= Julia Bardsley =

British artist

Julia Bardsley is an artist working with performance, video, photography, sculptural objects and the configuration of the audience. Her work challenges definitions of theatre and has been described as 'a major force in British experimental theatre and live art'.

== Education and career ==
Bardsley's stage performances in the 1980s included Marie-Christine in Ardèle, Where the Rainbow Ends, Gaudette at the Almeida Theatre (where she won the Time Out award for direction), and Too Clever by Half and A Flea in Her Ear (Antoinette Plucheux) at the Old Vic. She was also the assistant producer for A Night at the Chinese Opera with Kent Opera.

She began her career in theatre directing, writing and adapting works for the stage, and was joint artistic director of the Leicester Haymarket & Young Vic Theatres (1991–94). She was awarded an Honorary Doctorate from Middlesex University in 2007. Bardsley lectures at Queen Mary, University of London, and Central Saint Martins, University of the Arts London. Her work has become known for its experimental use of character, solo performance, and elaborate video and set work in a performance art/visual art context.

Bardsley's work is significant in its disruption of traditional understandings of theatre; her hybrid practice first developed in collaboration with designer Aldona Cunningham in the 1990s through their innovative work on Hamlet at the Young Vic, which in turn led to a five-year long creation process combining theatre, performance and photography, resulting in the work 12/Stages/3 (a Memory Theatre) as part of the British Festival of Visual Theatre in 1999.
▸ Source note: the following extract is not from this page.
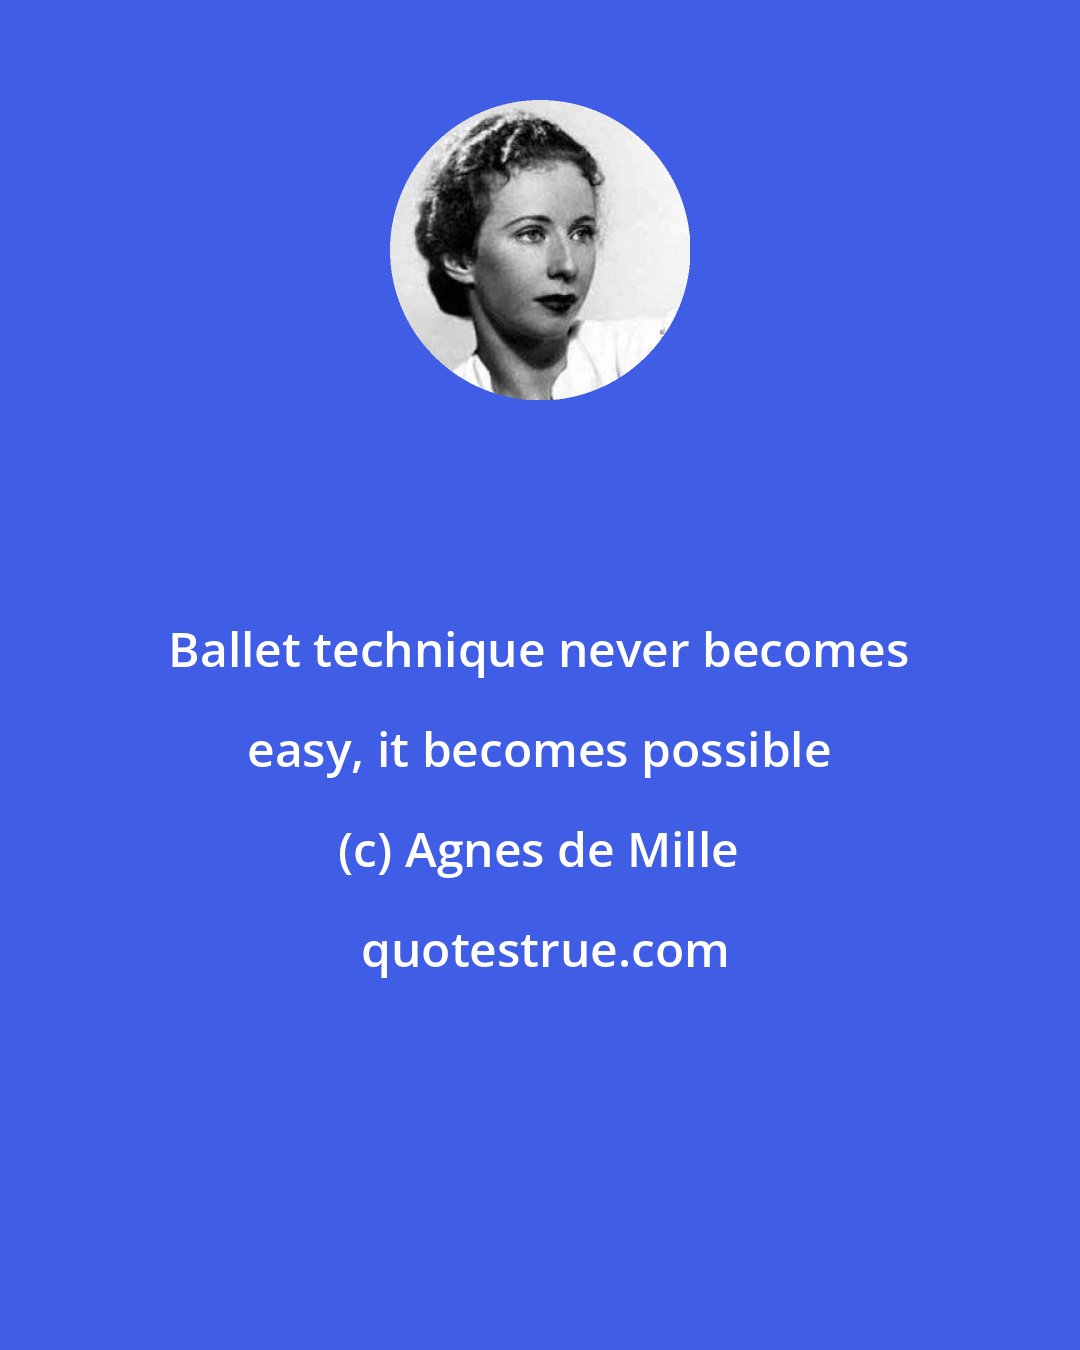 Agnes de Mille: Ballet technique never becomes easy, it becomes possible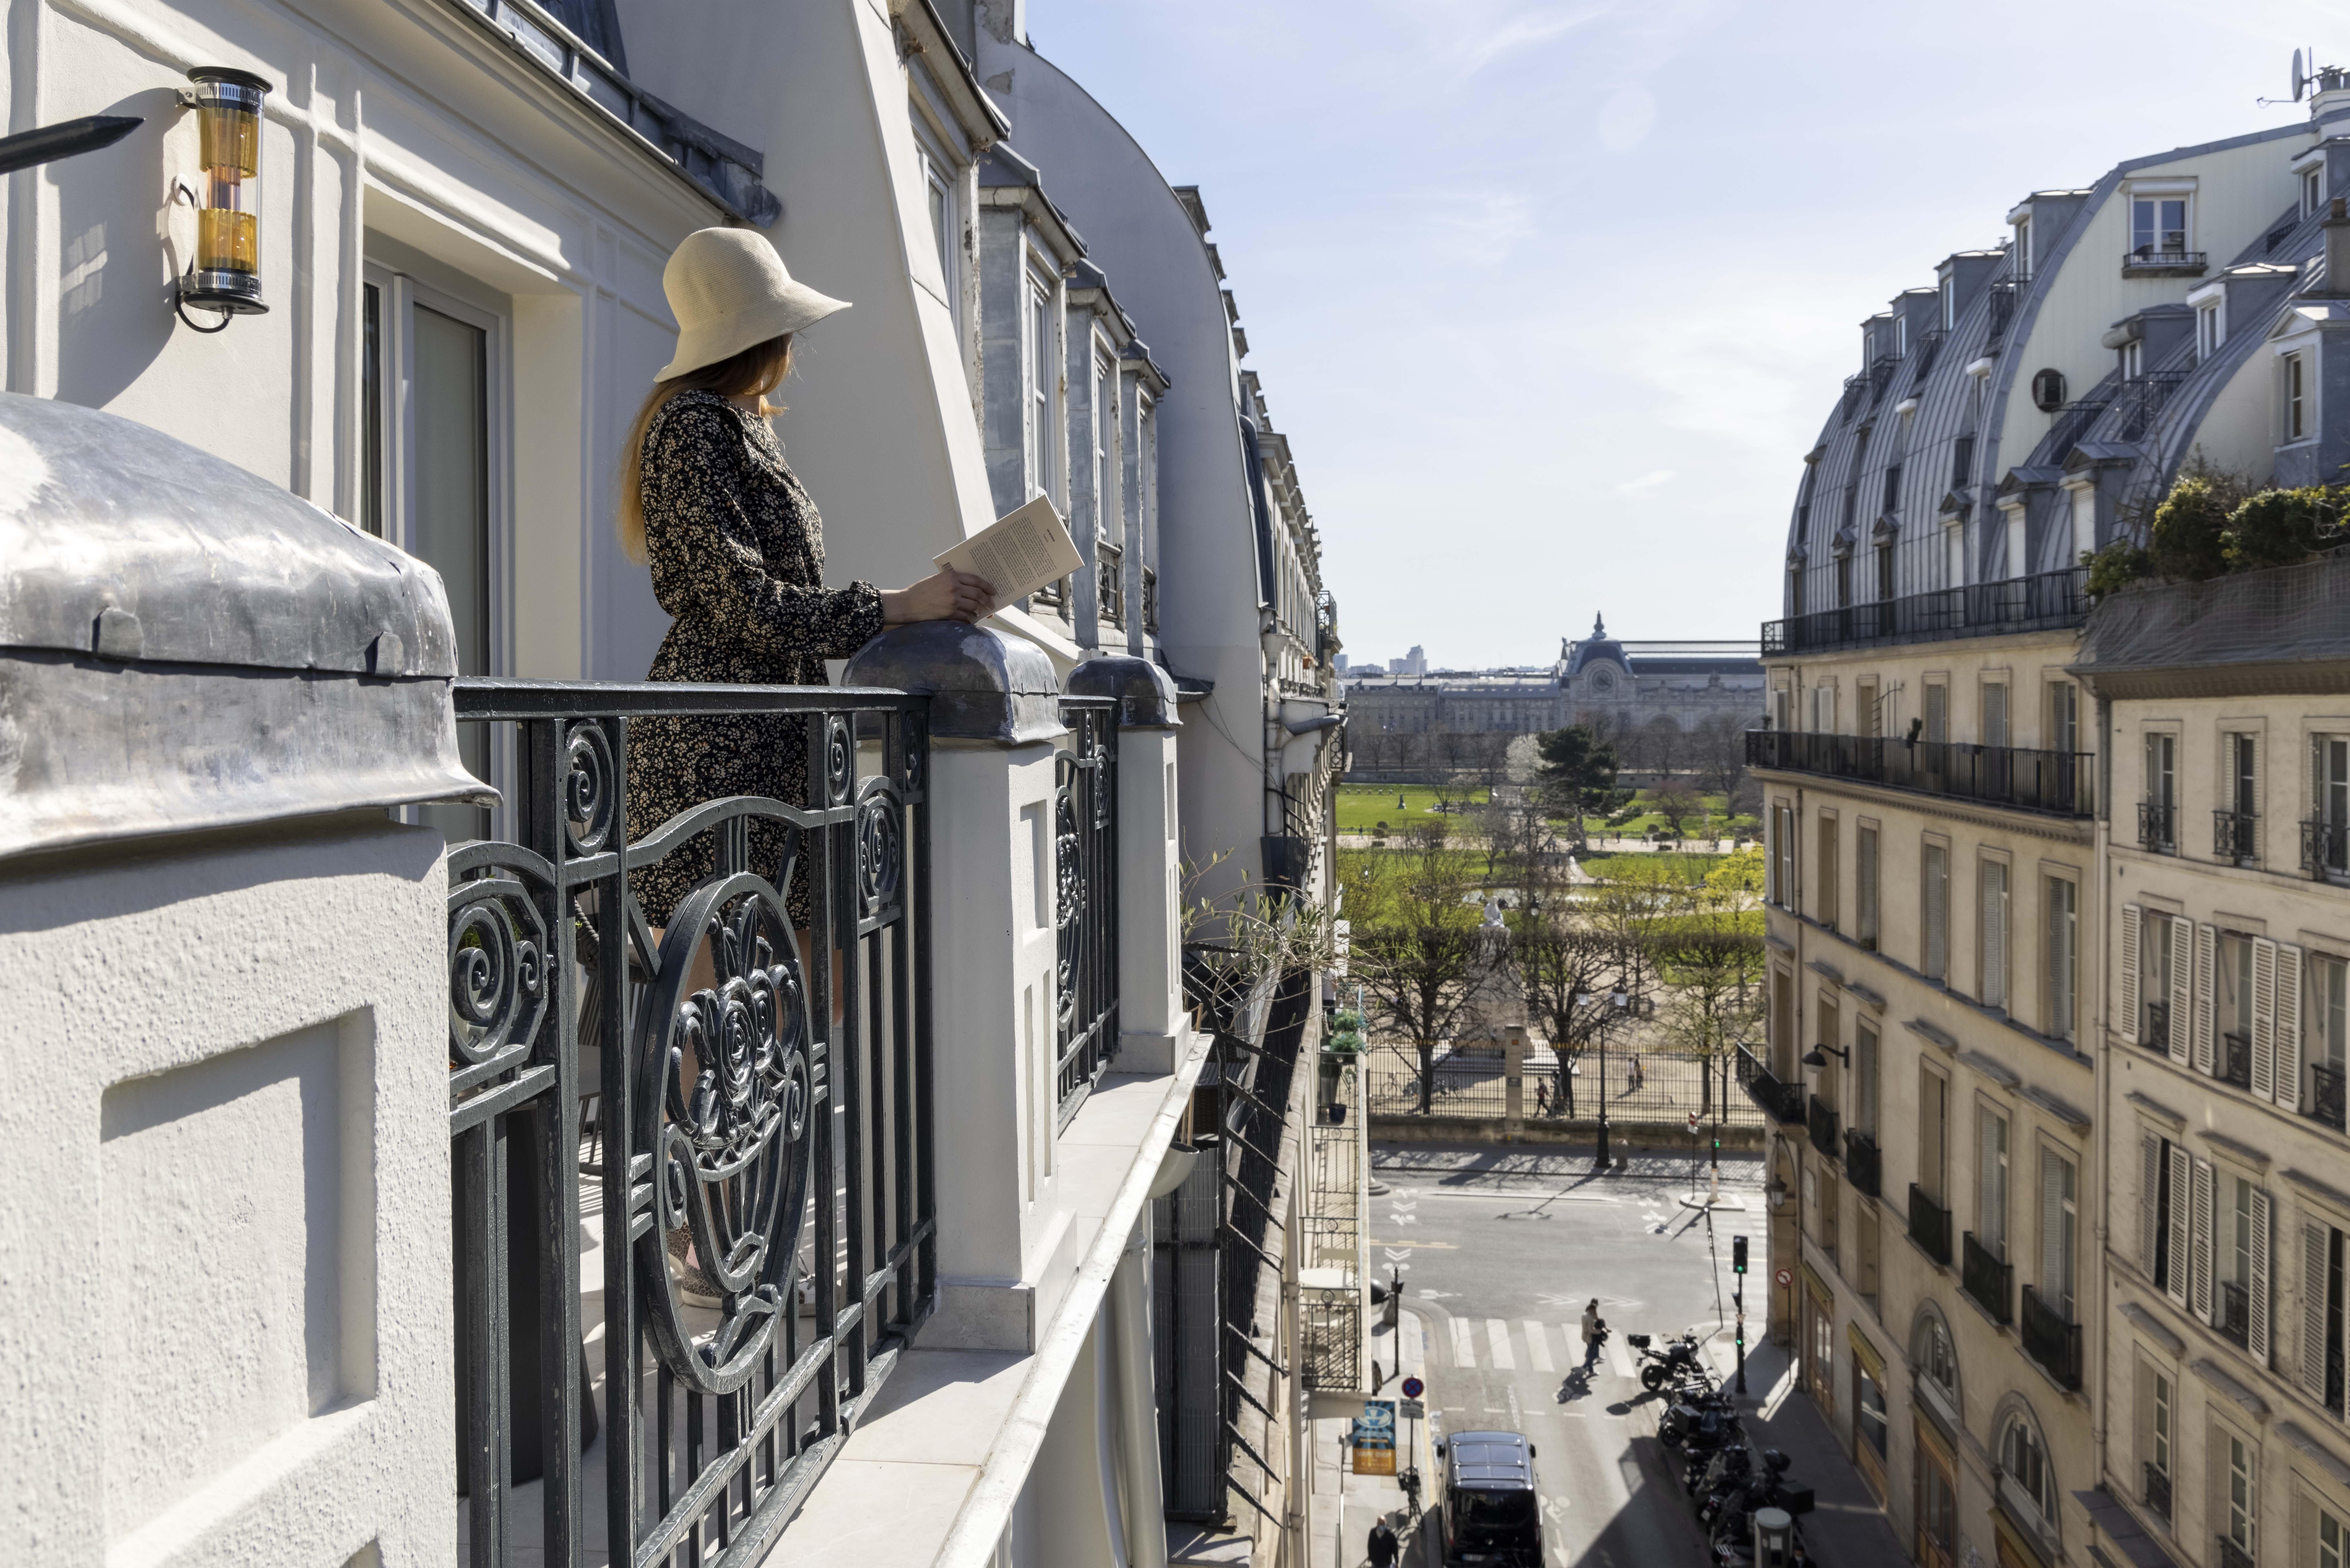 Hotel Louvre Montana Париж Экстерьер фото

From the late 1990s onwards her film and video works have been selected for film festivals internationally, collected and represented in collections such as Lux Artists Films and the University of the Arts British Artists' Film and Video Study Collection. She has also created video art work for theatre productions including An Ocean of Rain, at the Almeida Theatre, London, 2008, and Suenos composed by Simon Holt, premiered at Queen Elizabeth Hall, London in 2007.

== Selected works ==

=== The Divine Trilogy (2003–2009) ===
Presented in London, Glasgow, Portugal, Spain, Slovenia, Croatia, Belgium, and Italy. The three parts of which are:
- Trans Acts used religious imagery, combining video, installation and performance, premiered at The National Review of Live Art (2006), and went on to show at Shunt, London (2007)
- Almost the Same (feral rehearsals for violent acts of culture) a performance in three sections titled Nigredo, Rubedo and Albedo
- Aftermaths: A Tear in the Meat of Vision (2009) Commissioned by the SPILL International Festival of Performance uses the character of a cowboy evangelist to evoke apocalyptic and catastrophic visions of a world in chaos.

=== Improvements on Nature: a Double Act (2009) ===
Produced for Chelsea Theatre, Sacred Festival, Improvements on Nature: a Double Act explored themes of science using imagery of amputations. 'It's the science of Charles Darwin incubated by the traumatised imagination of Mary Shelley.'

=== meta_Family (2010–11) ===
A modular ensemble piece, the meta_Family, presented in Teresina & Rio, Brazil & Outside AiR - QMUL, London. In 2012 editions of the project were presented at Trouble#8 Festival, Brussels & City of Women Festival, Ljubljana.

=== Medea: dark matter events (2012–) ===
A performance project inspired by the Medea myth; drawing on themes of sexuality, eroticism and electricity.